I've learned a few things over the years and was reminded of them again this summer. Maybe they'll help you too.
|Float tubes, like this White River Fly Shop Lost Lake Open Front Float Tube, help fly fishing water not accessible by a boat or foot.|
1. Take the right tackle. I take two fly boxes that fit easily into the storage pockets and load them with flies appropriate to the species and water so that I can fish a wide variety of situations. In lakes I tend to use a sink tip line so I don't bother with dry flies. If you are going to go with a floating line, however, have a few weighted flies like the Clouser minnow available so you can work deeper water too.
2. Longer fly rods are better for casting in float tubes. I use 9-footers.
3. Plan your fishing spot. Remember, you're not going to cover a lot of water in an outing (unless floating a river) so enter close to the water you want to cover and fish every spot thoroughly before moving on.

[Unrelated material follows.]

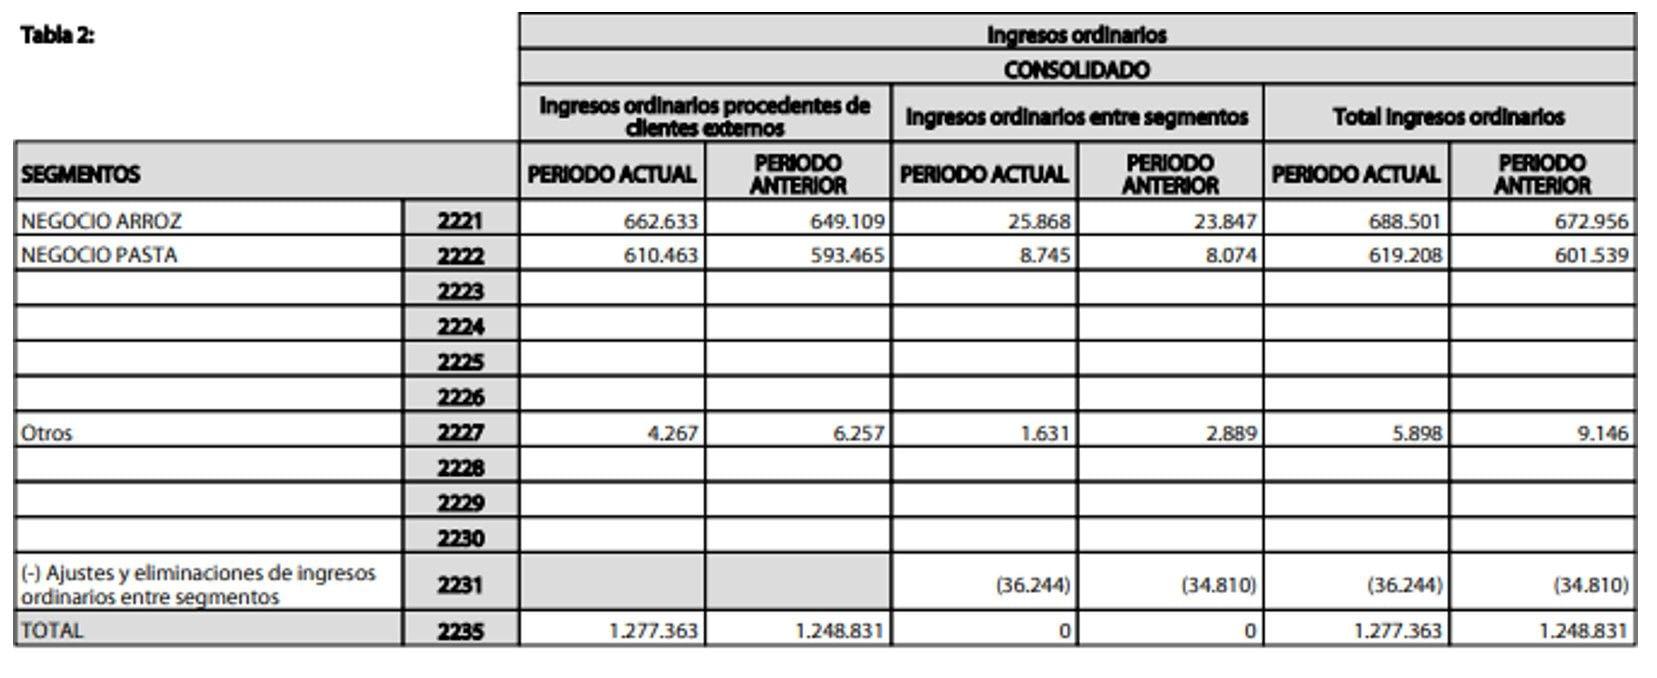 Ventas por Segmento Ebro Foods 1S 2018

4. Then don't go far. Never venture too far from shore. I like to be able to get to shore quickly in case of a puncture.
5. Remember your kicker keepers. Make sure your flippers are attached to your ankles with kicker keepers. That way if they slip off for some reason, they aren't lost.
6. Pack the ping-pong paddles. Consider taking along a couple of ping-pong paddles which work well in emergency situations, should you need more propulsion.
7. Take advantage of the wind. Fish into the wind or light current in a lake so that you can use take advantage of these things on your return when energy levels are not as high.
8. Don't just cast. Casting is fun, but trolling in a float tube is very effective too.
9. Don't forget extra clothes. Have a change of clothing in your vehicle. You are going to get wet.
10. Protect your valuables. Place important things like wallets and cell phones in baggies or waterproof cases.
11. Make sure you're seen. Wear a blaze orange cap if your float tube isn't highly visible.
12. Watch the time. If you are planning to be out for four hours, start heading back to your spot at the two hour mark.
13. Protect your skin. Remember, you are low to the water and the sun will reflect off it severely. Take precautions against the sun.
14. Fuel your body. Take water and a snack too.
Float tube fishing is fun, but it takes planning. Do that, and you'll have summer memories that last a lifetime.